(Reuters) - A123 Systems Inc (>> A123 Systems, Inc.), a lithium-ion battery maker backed by a $249 million U.S. government grant, received notice from the Nasdaq this week that its stock price is too low for exchange standards and will be delisted if it does not recover to $1 in the next six months.

A123 said in a securities filing on Wednesday that it has until February 19 to increase its share price back to $1, which it breached more than a month ago.

The stock closed at a lifetime low of 37 cents on the Nasdaq on Wednesday and has dropped more than 90 percent from its 12-month high in September 2011, hurt by the company's worsening cash position due to slower-than-expected demand and a pricey battery recall this year.

To meet the Nasdaq's standards, A123's shares must close at $1 or more for 10 straight business days.
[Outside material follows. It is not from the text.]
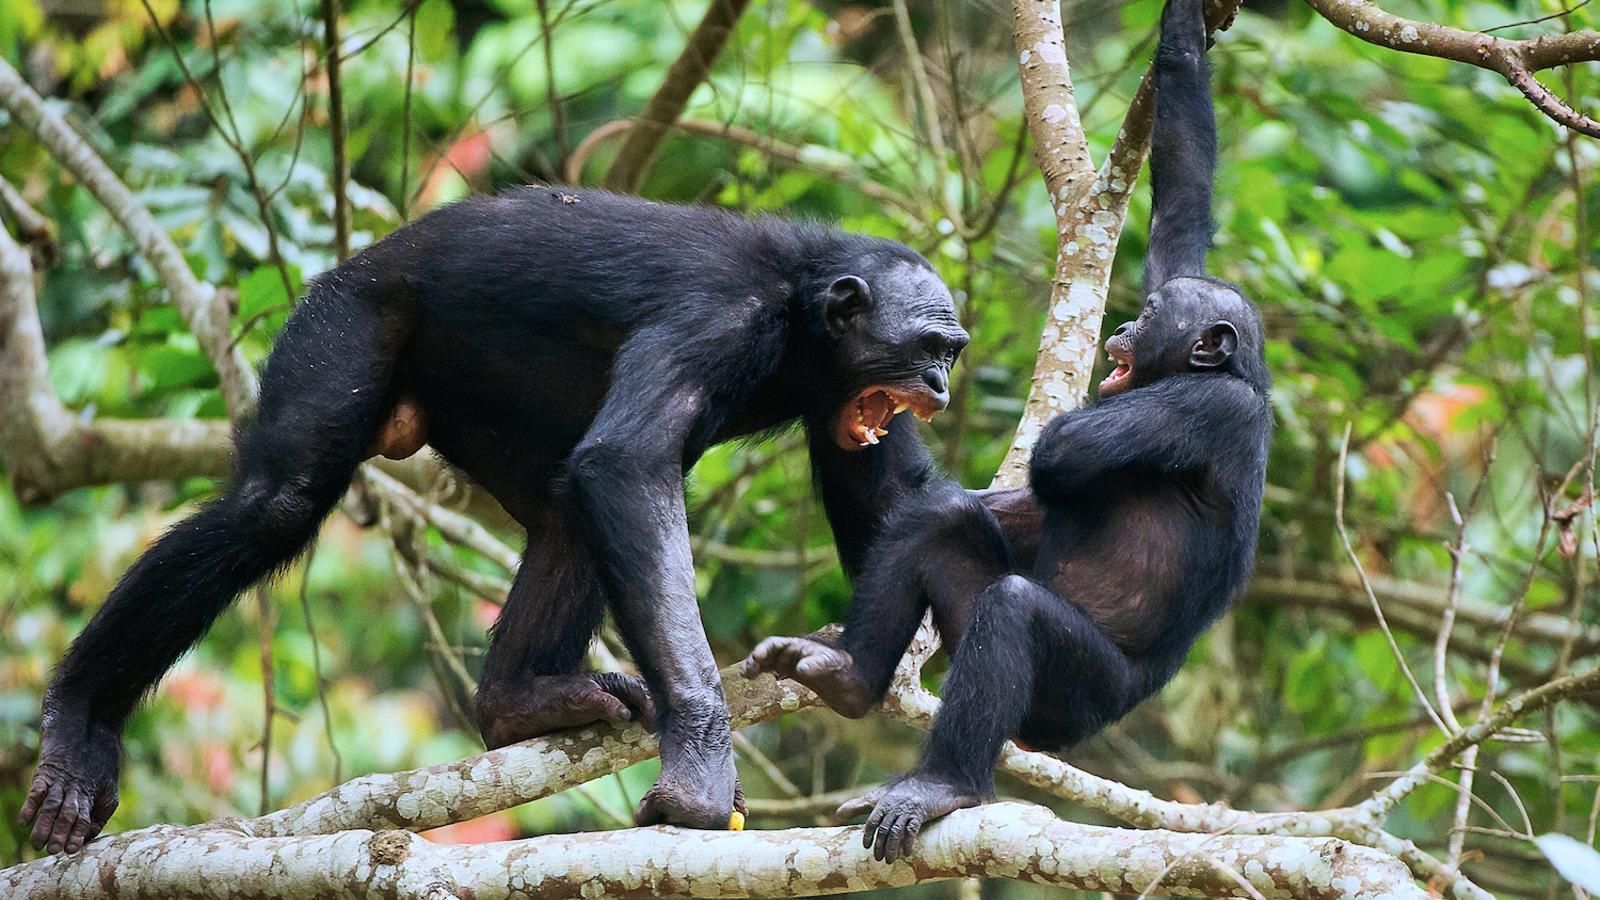 Els ximpanzés són, després de l'home, els animals més violents del planeta. Però només maten per protegir el seu territori

This year, A123 was hit by costs tied to recalling defective batteries installed in Fisker Automotive's Karma plug-in hybrid. Battery demand has not been as robust as A123 predicted in 2009, when it won a technology grant from the Obama administration.

But the battery maker won a lifeline this month from Chinese auto parts firm Wanxiang Group Corp, which is investing $465 million to buy 80 percent of A123.

A123 also makes batteries for some models manufactured by BMW (>> Bayerische Motoren Werke AG) and General Motors Co (>> General Motors Company).